Elles ne s'arrangeaient pas, en effet, ainsi que Mathieu vint l'apprendre le soir même à son hôte. Il y avait forte émotion dans Paris parce que le Grand Maître qui aurait avoué les étranges rites de réception des chevaliers reprochés par l'accusation et comme destinés à les éprouver, tout en repoussant avec énergie la sodomie, venait de renouveler ces aveux devant les docteurs de l'Université transportés au Temple pour l'occasion. Le plus étrange en apparence était qu'il n'avait pas subi la torture mais s'agissant des rites intérieurs de l'Ordre, seul le Pape pouvait juger et condamner. Donc Molay avait été ramené dans sa prison en attendant que des dispositions eussent été prises pour le conduire, avec les autres dignitaires incarcérés à Paris jusqu'en Avignon...

- Dans un sens, dit Mathieu, cela conforte les aveux arrachés à tant de malheureux frères tout en les déviant, ce qui pose une quantité de problèmes. N'importe comment, le procès qui s'annonce sera long, difficile et quand le Pape aura jugé on ne sait trop ce qu'il en résultera et quel sera le sort des dignitaires, de « Maître Jacques » lui-même. La prison ou l'exil, je pense. Les souverains étrangers ne sont pas d'accord et même si le roi Philippe est le plus grand de tous, il doit faire extrêmement attention... Il n'empêche que le danger, pour les Templiers échappés, est plus grand que jamais à cause de la colère du peuple...

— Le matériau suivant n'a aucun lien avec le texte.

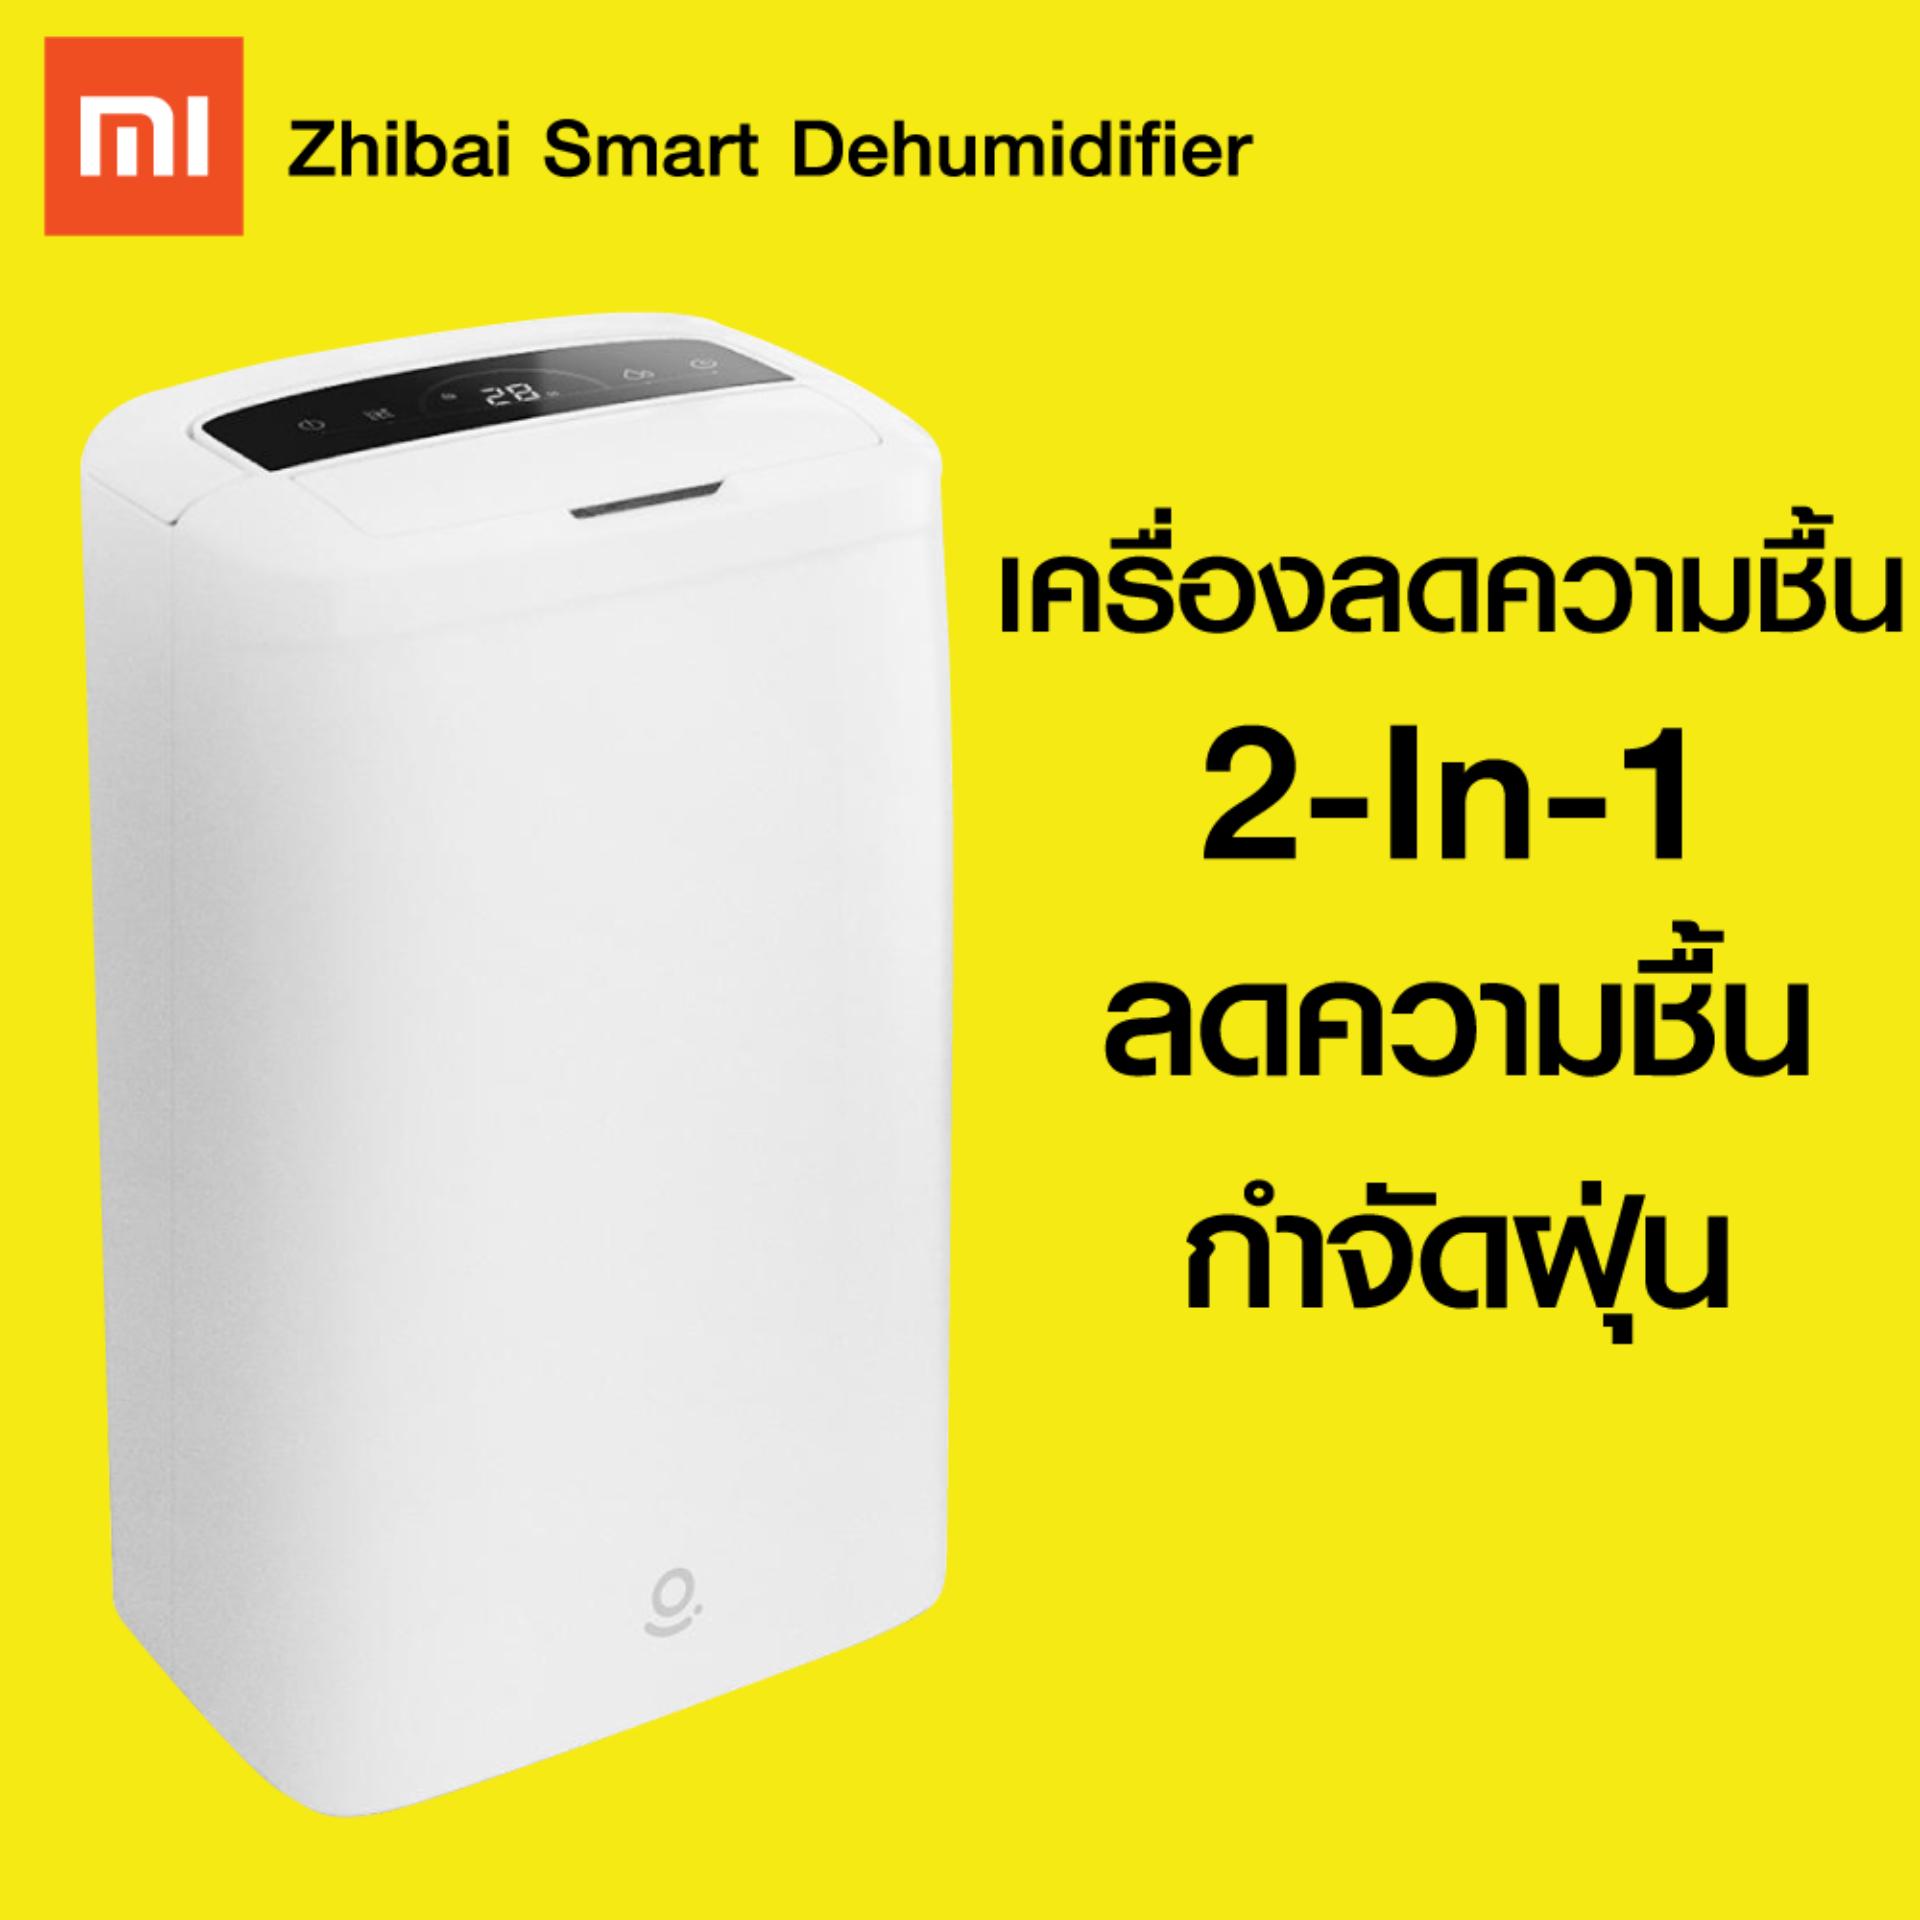 【แพ็คส่งใน 1 วัน】 Xiaomi Zhibai Smart Control Dehumidifier - เครื่องลดความชื้น Zhibai (WS1) [[ รับประกันสินค้า 30 วัน ]] / GodungIT

- C'est pourquoi je ne resterai pas chez vous plus longtemps. Dieu m'est témoin que je vous ai profonde et grande reconnaissance, mais je dois m'en aller.

- Pour aller où ?

- Pourquoi pas au Temple afin de m'y constituer prisonnier ? fit Olivier d'un ton las. Après tout, il n'y a aucune raison que j'échappe au sort commun et, au moins, je saurai ce qu'il advient de frère Clément.

- Frère Clément est captif avec les autres dignitaires. Il n'a pas été maltraité et devrait être mené au Pape lui aussi...

- Comment le savez-vous ?

- Dans la censive du Temple sont encore logés les maçons dont j'emploie certains. Ils sont, comme moi, fort attentifs au sort des chevaliers. Ils écoutent, surveillent. Cela veut dire qu'en cas de danger extrême, d'une occasion, ils sont prêts à aider. C'est pourquoi vous livrer ne servirait à rien sinon à augmenter le nombre des sans-grade que l'on livre au bourreau pour leur arracher... n'importe quoi susceptible d'apporter de l'eau au moulin de Nogaret et de l'Inquisition. Restez avec nous ! Un jour, je pense vous combattrez à nouveau pour l'Ordre... Et à moins que vous ne souhaitiez rentrer en Provence auprès de votre père, ce qui ne serait pas facile et le mettrait peut-être en danger car c'est chez lui que l'on vous cherchera en premier. Mieux vaut rester ici.

- Oh, j'y ai songé, mais mon père n'est pas en péril immédiat comme l'est frère Clément. Du moins je l'espère.

- Alors écoutez-moi et demeurez chez nous !

- Soit... mais pas sans rien faire ! Pas sans gagner si peu que ce soit le pain que vous me donnez. Apprenez-moi à tailler la pierre afin que je devienne l'un de vos ouvriers ! Je suis fort... et en bonne santé grâce à vous. Rester cloîtré dans l'inaction m'est insupportable. La... la prière ne me suffit plus, ajouta-t-il gêné en détournant la tête.